We can see the events that are registered by looking at the uprobe_events file.
::
# cat uprobe_events
p:uprobes/zfree_entry /bin/zsh:0x00046420 arg1=%ip arg2=%ax
r:uprobes/zfree_exit /bin/zsh:0x00046420 arg1=%ip arg2=%ax
Format of events can be seen by viewing the file events/uprobes/zfree_entry/format.
::
# cat events/uprobes/zfree_entry/format
name: zfree_entry
ID: 922
format:
field:unsigned short common_type; offset:0; size:2; signed:0;
field:unsigned char common_flags; offset:2; size:1; signed:0;
field:unsigned char common_preempt_count; offset:3; size:1; signed:0;
field:int common_pid; offset:4; size:4; signed:1;
field:int common_padding; offset:8; size:4; signed:1;
field:unsigned long __probe_ip; offset:12; size:4; signed:0;
field:u32 arg1; offset:16; size:4; signed:0;
field:u32 arg2; offset:20; size:4; signed:0;
print fmt: "(%lx) arg1=%lx arg2=%lx", REC->__probe_ip, REC->arg1, REC->arg2
Right after definition, each event is disabled by default.
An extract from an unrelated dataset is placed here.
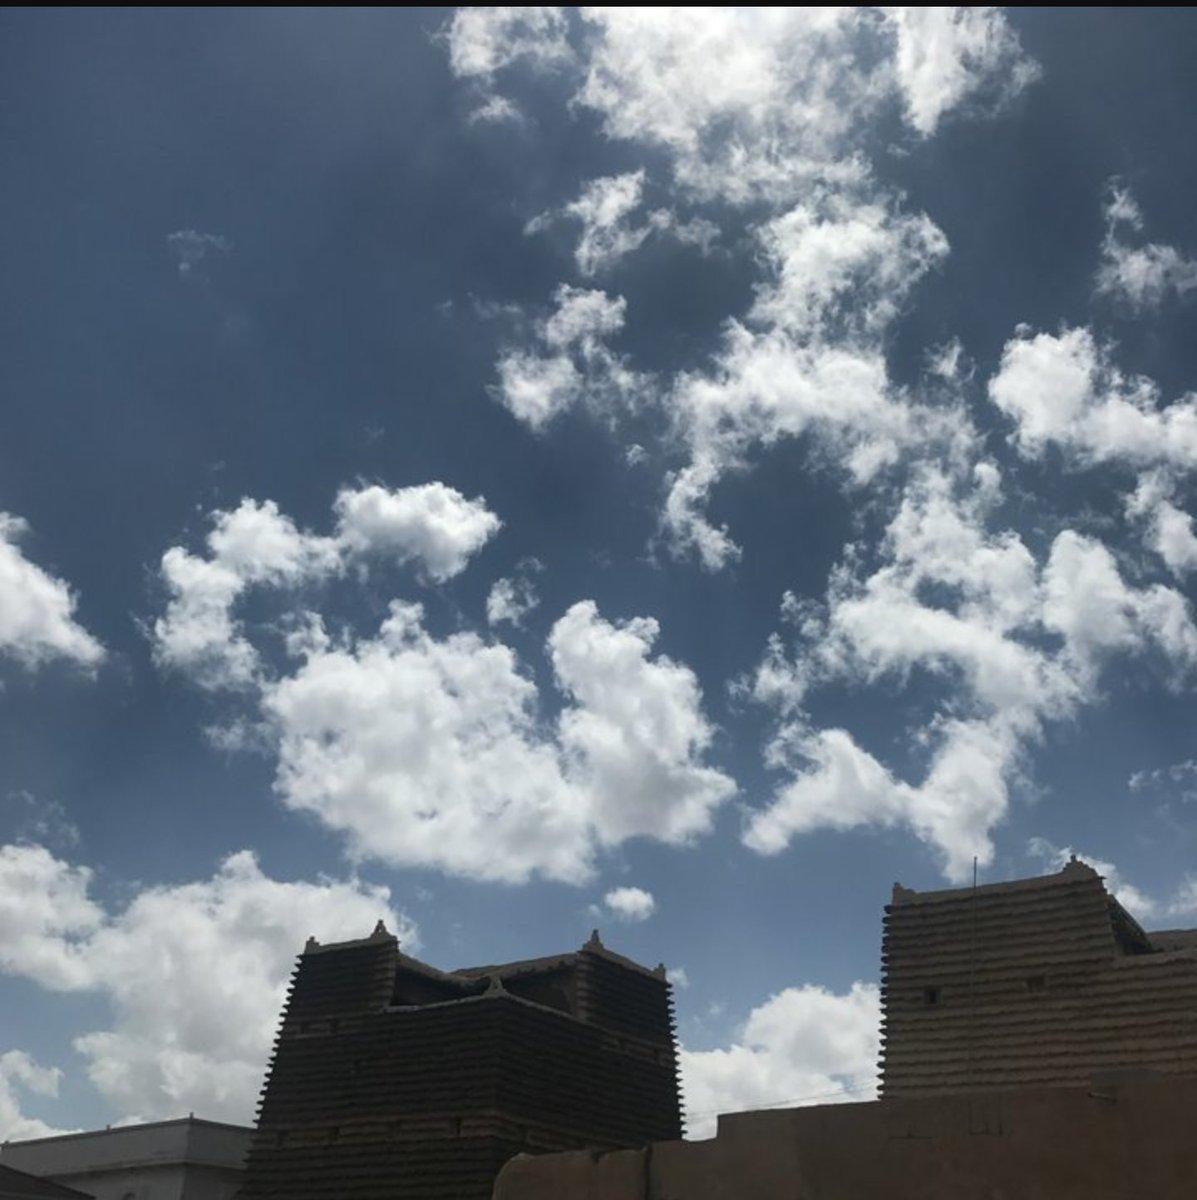 عندما تتعانق السماء مع عبق الماضي https://t.co/uwyyrpL5H1

For tracing these
events, you need to enable it by::
# echo 1 > events/uprobes/enable
Lets start tracing, sleep for some time and stop tracing.
::
# echo 1 > tracing_on
# sleep 20
# echo 0 > tracing_on
Also, you can disable the event by::
# echo 0 > events/uprobes/enable
And you can see the traced information via /sys/kernel/debug/tracing/trace.
::
# cat trace
# tracer: nop
#
# TASK-PID CPU# TIMESTAMP FUNCTION
# | | | | |
zsh-24842 [006] 258544.995456: zfree_entry: (0x446420) arg1=446420 arg2=79
zsh-24842 [007] 258545.000270: zfree_exit: (0x446540 <- 0x446420) arg1=446540 arg2=0
zsh-24842 [002] 258545.043929: zfree_entry: (0x446420) arg1=446420 arg2=79
zsh-24842 [004] 258547.046129: zfree_exit: (0x446540 <- 0x446420) arg1=446540 arg2=0
Output shows us uprobe was triggered for a pid 24842 with ip being 0x446420
and contents of ax register being 79. And uretprobe was triggered with ip at
0x446540 with counterpart function entry at 0x446420.